[Try it]:
Carry none of the pictures over; write out the complete data exactly.

[Raw data]:
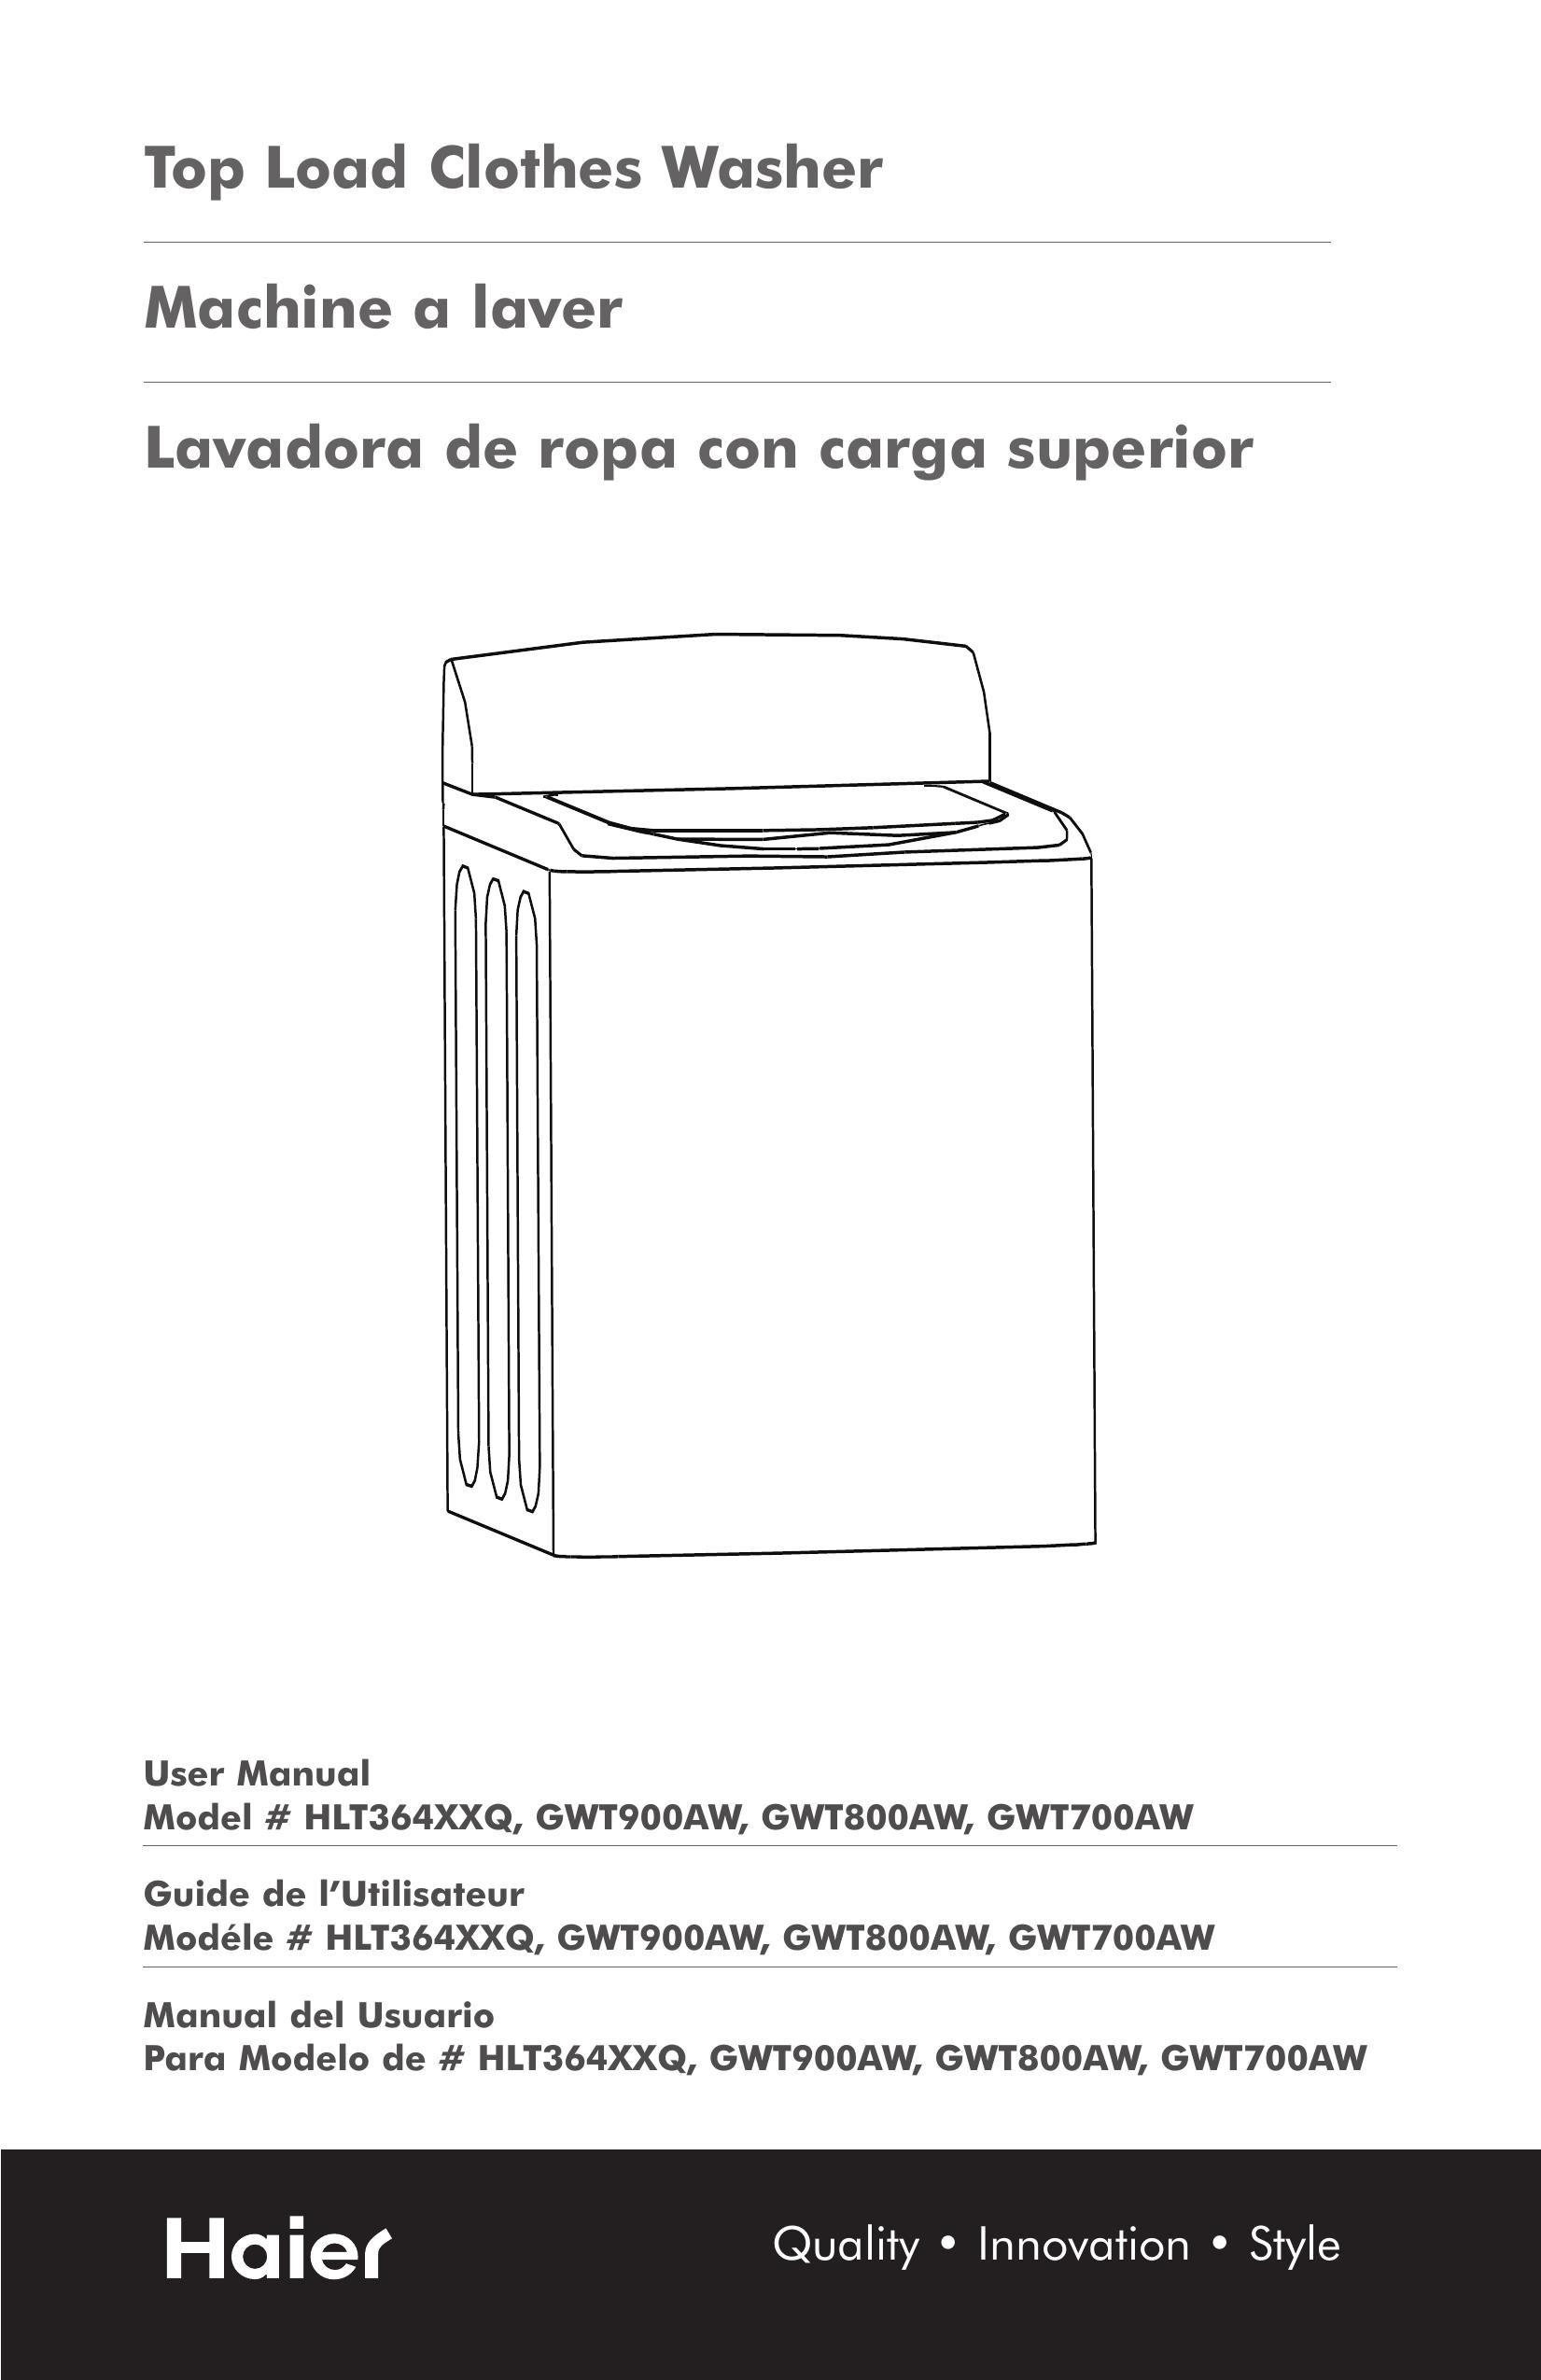 Haier GWT700AW Washer User Manual
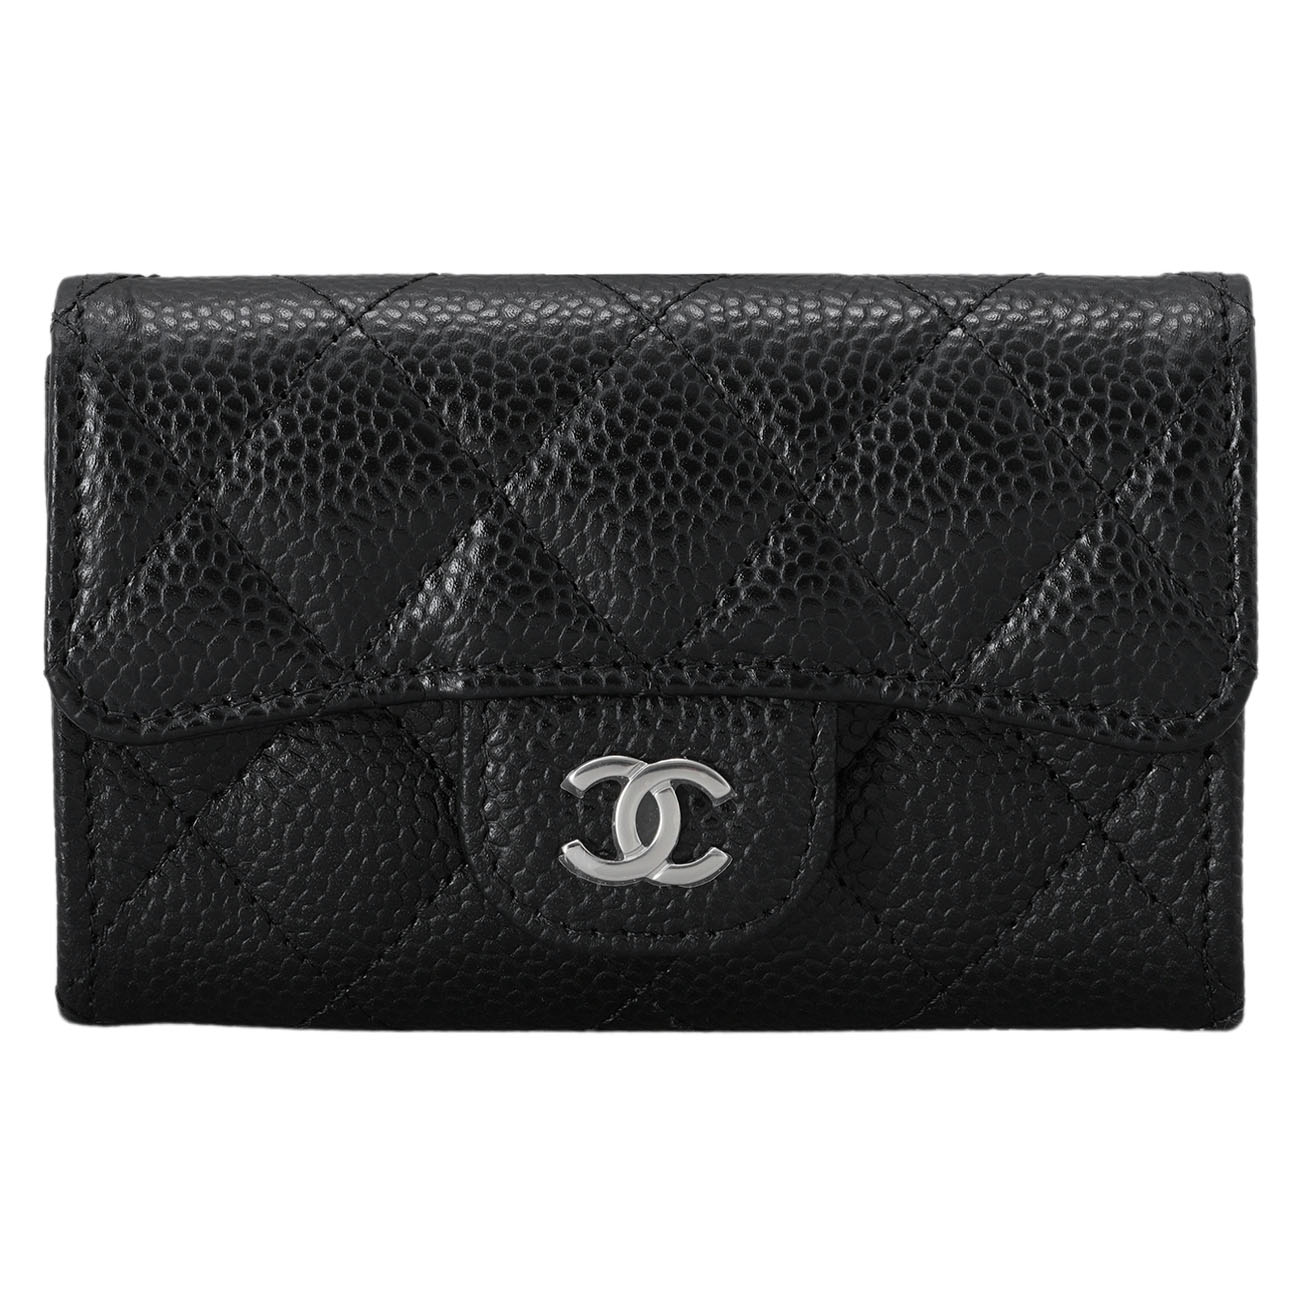 CHANEL(USED)샤넬 캐비어 클래식 카드지갑 NEW PRODUCT
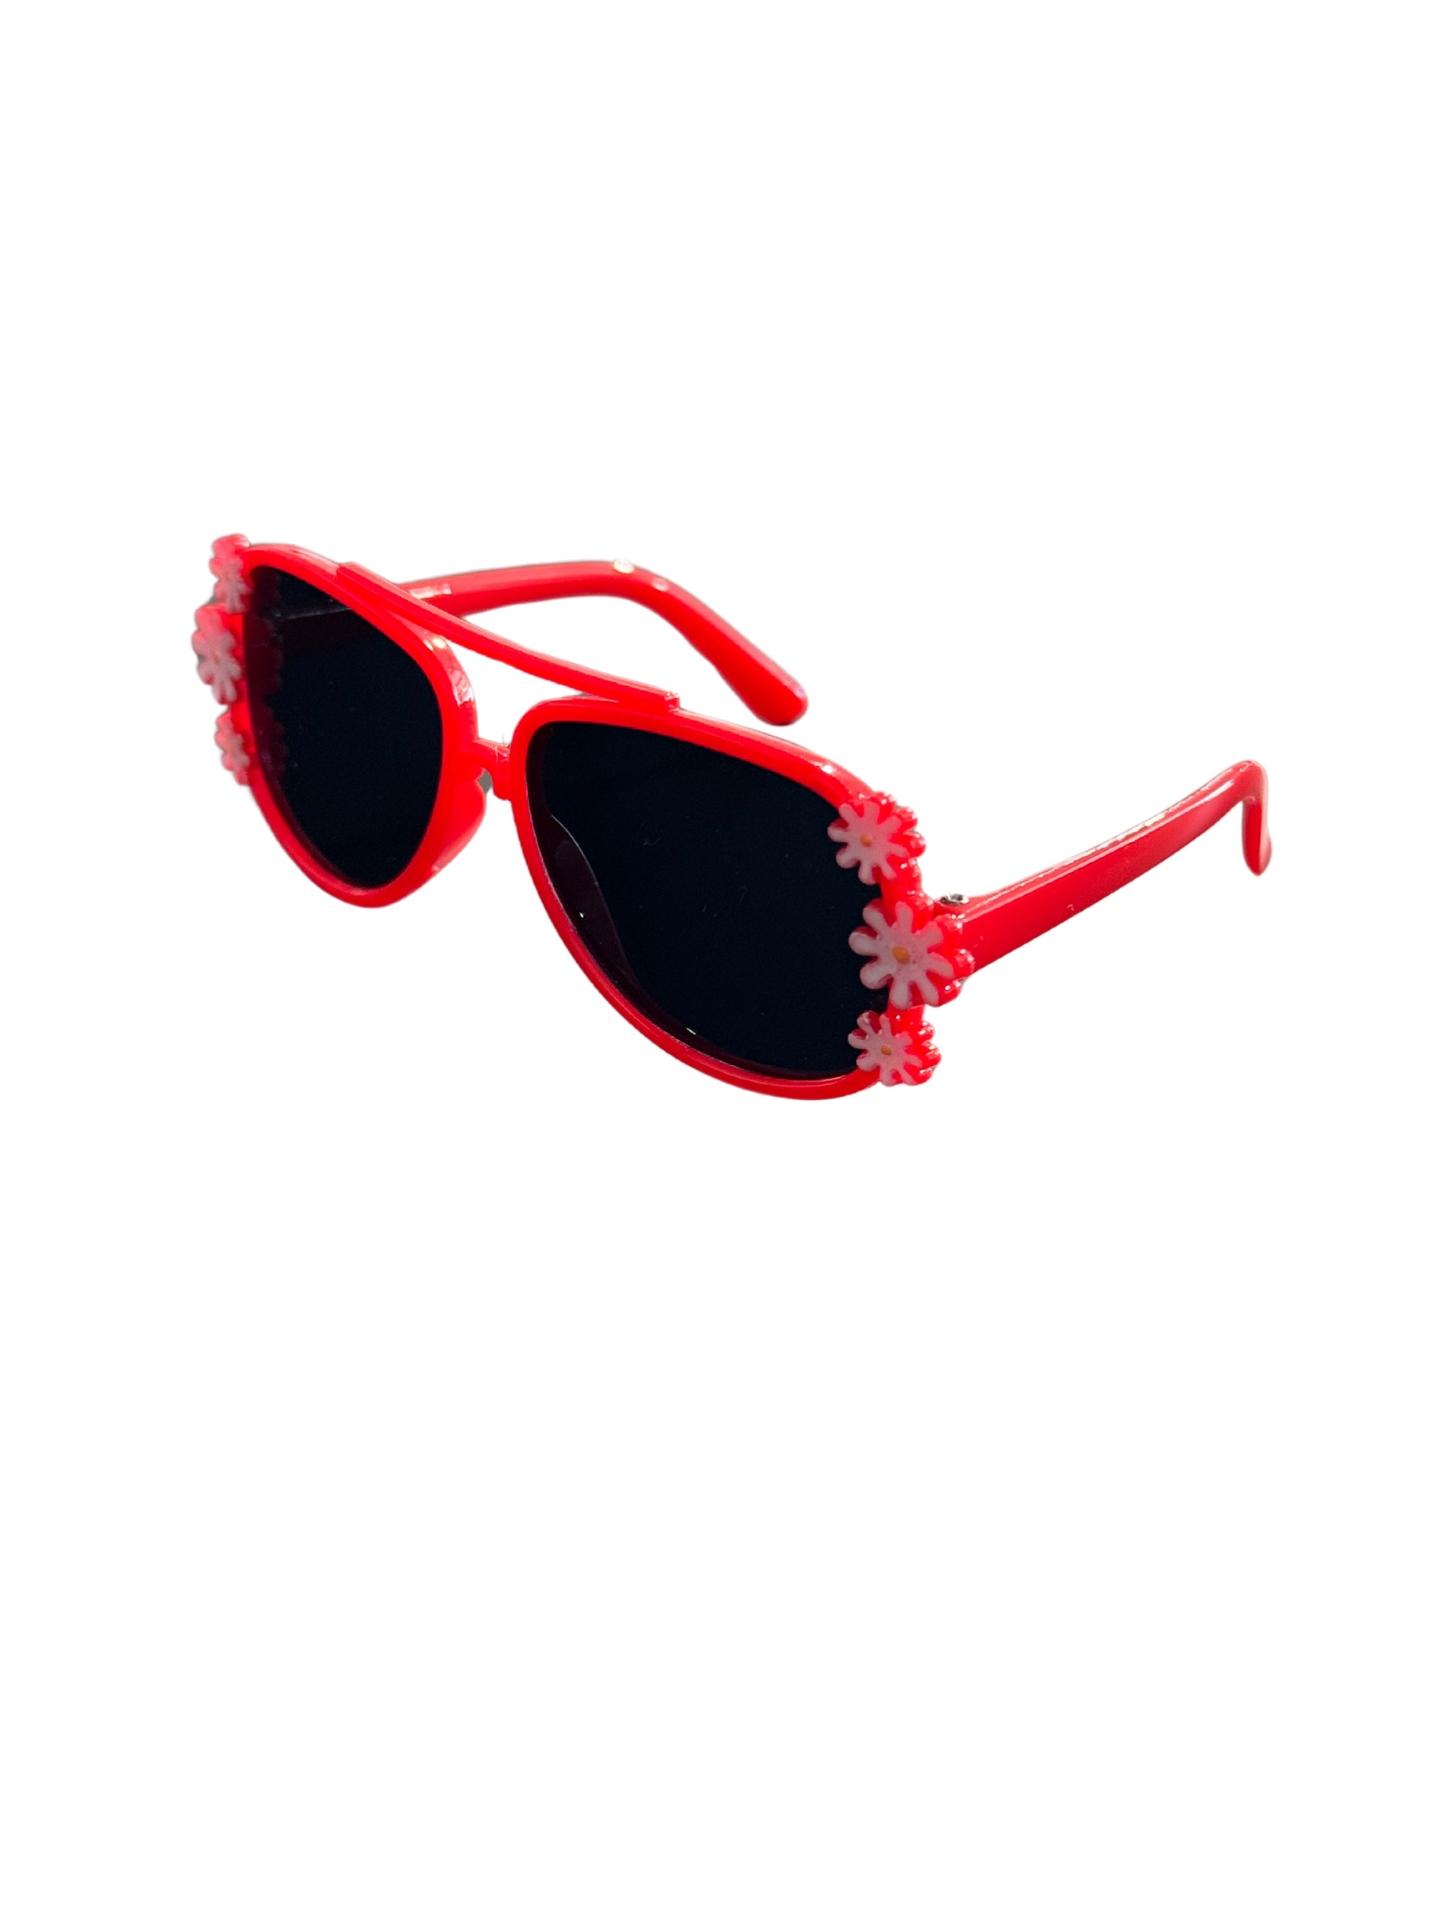 Red Sunglasses With White Daisy's

[Reply]:
 Haier GWT700AW Washer User Manual
 CHANEL(USED)샤넬 캐비어 클래식 카드지갑 NEW PRODUCT
 Red Sunglasses With White Daisy's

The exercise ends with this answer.